>>>>>

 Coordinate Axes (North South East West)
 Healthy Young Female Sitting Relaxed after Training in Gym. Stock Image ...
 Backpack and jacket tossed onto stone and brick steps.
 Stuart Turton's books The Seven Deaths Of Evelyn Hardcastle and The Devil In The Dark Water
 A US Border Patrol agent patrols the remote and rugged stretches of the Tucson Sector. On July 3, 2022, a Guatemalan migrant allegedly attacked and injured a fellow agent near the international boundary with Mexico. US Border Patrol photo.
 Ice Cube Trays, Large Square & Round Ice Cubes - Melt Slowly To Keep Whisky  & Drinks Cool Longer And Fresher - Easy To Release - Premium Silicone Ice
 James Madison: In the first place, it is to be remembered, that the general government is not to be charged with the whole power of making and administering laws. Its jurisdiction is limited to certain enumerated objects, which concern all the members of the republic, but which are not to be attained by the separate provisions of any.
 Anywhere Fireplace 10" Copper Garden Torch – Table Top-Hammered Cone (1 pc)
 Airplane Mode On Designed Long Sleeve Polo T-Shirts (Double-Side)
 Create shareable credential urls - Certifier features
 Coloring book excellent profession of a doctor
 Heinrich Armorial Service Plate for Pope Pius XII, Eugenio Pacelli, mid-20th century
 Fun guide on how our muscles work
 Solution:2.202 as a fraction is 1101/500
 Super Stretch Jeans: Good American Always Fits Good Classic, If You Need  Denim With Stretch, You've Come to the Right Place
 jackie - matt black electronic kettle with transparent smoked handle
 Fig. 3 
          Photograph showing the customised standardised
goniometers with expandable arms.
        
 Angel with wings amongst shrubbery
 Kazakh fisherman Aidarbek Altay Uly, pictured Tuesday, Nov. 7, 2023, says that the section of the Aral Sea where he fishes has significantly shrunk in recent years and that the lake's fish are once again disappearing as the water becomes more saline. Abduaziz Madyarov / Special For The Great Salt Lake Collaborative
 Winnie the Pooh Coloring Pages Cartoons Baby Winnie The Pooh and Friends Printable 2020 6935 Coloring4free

<<<<<

## Goal of the exercise
Above are the records; from them, give again exactly the lines from the one containing "Healthy Young Female" through the one containing "Super Stretch Jeans: Good", both included.

## Response to this exercise
 Healthy Young Female Sitting Relaxed after Training in Gym. Stock Image ...
 Backpack and jacket tossed onto stone and brick steps.
 Stuart Turton's books The Seven Deaths Of Evelyn Hardcastle and The Devil In The Dark Water
 A US Border Patrol agent patrols the remote and rugged stretches of the Tucson Sector. On July 3, 2022, a Guatemalan migrant allegedly attacked and injured a fellow agent near the international boundary with Mexico. US Border Patrol photo.
 Ice Cube Trays, Large Square & Round Ice Cubes - Melt Slowly To Keep Whisky  & Drinks Cool Longer And Fresher - Easy To Release - Premium Silicone Ice
 James Madison: In the first place, it is to be remembered, that the general government is not to be charged with the whole power of making and administering laws. Its jurisdiction is limited to certain enumerated objects, which concern all the members of the republic, but which are not to be attained by the separate provisions of any.
 Anywhere Fireplace 10" Copper Garden Torch – Table Top-Hammered Cone (1 pc)
 Airplane Mode On Designed Long Sleeve Polo T-Shirts (Double-Side)
 Create shareable credential urls - Certifier features
 Coloring book excellent profession of a doctor
 Heinrich Armorial Service Plate for Pope Pius XII, Eugenio Pacelli, mid-20th century
 Fun guide on how our muscles work
 Solution:2.202 as a fraction is 1101/500
 Super Stretch Jeans: Good American Always Fits Good Classic, If You Need  Denim With Stretch, You've Come to the Right Place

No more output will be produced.